In embodiments, if the DNA polymerase is provided as a fusion protein, the fusion protein may comprise one or more ribosomal skipping sequences, which are also referred to in the art as “self-cleaving” amino acid sequences. These are typically about 18-22 amino acids long. Any suitable sequence can be used, non-limiting example of which include T2A, comprising the amino acid sequence: EGRGSLLTCGDVEENPGP (SEQ ID NO: 42); P2A, comprising the amino acid sequence ATNFSLLKQAGDVEENPGP (SEQ ID NO: 43); E2A, comprising the amino acid sequence QCTNYALLKLAGDVESNPGP (SEQ ID NO: 44); and F2A, comprising the amino acid sequence VKQTLNFDLLKLAGDVESNPGP (SEQ ID NO: 45).
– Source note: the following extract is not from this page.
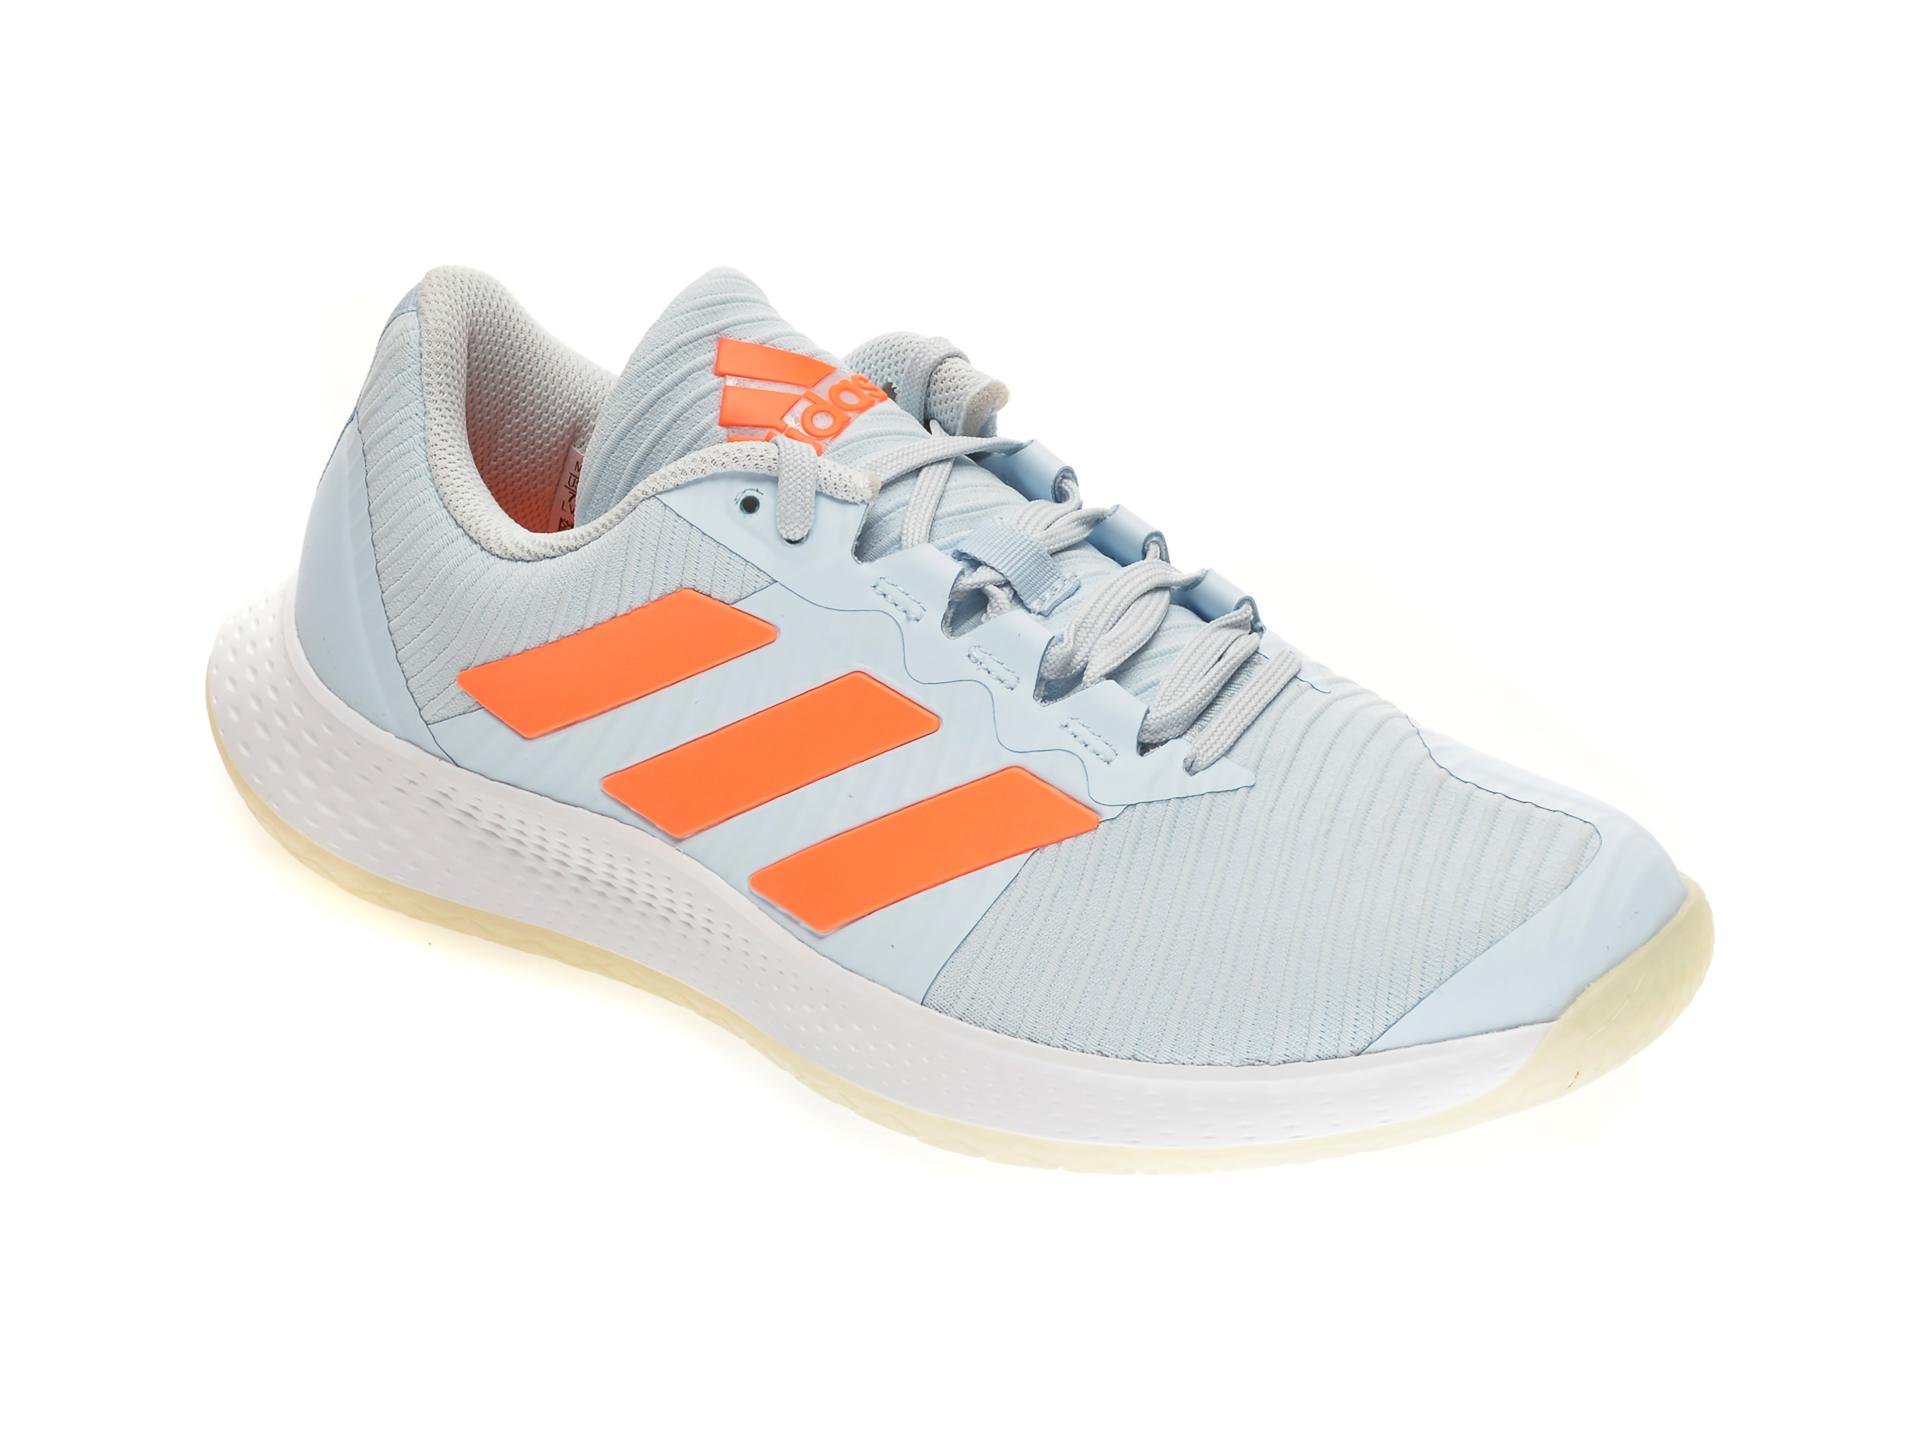 Pantofi sport ADIDAS albastri, FORCEBOUNCE W, din piele ecologica si material textil

In embodiments, the fusion proteins may comprise linking amino acids (e.g., linkers) that separate one or more protein domains. The linker is typically at least two amino acids long, and may include a GS sequence, but other sequences may be used. In embodiments, the linker is from 3-100 amino acids in length. In embodiments, a linker sequences comprises or consists of a “GS” sequence. In embodiments, the linker comprises or consists of the sequence SAGGGGSGGGGSGGGGSG (SEQ ID NO: 46).
In embodiments, a fusion protein of the disclosure includes one or more nuclear localization signals, representative and non-limiting examples of which are provided herein. In general, for eukaryotic purposes, a nuclear localization signal comprises one or more short sequences of positively charged lysines or arginines.
In non-limiting embodiments, the disclosure provides a fusion protein that comprise an MS2 segment and a DNA polymerase segment, which may also include the aforementioned linking amino acids, nuclear localization signals, and ribosome skipping/self-cleaving sequences. A segment means a section of the described protein that contains contiguous amino acid sequences. In embodiments, the segment is of sufficient length to retain the function of protein to participate in the described method and is thus a functional segment. In embodiments, a segment comprises a contiguous segment of a described protein that includes contiguously 80%-99% of a described amino acid sequence.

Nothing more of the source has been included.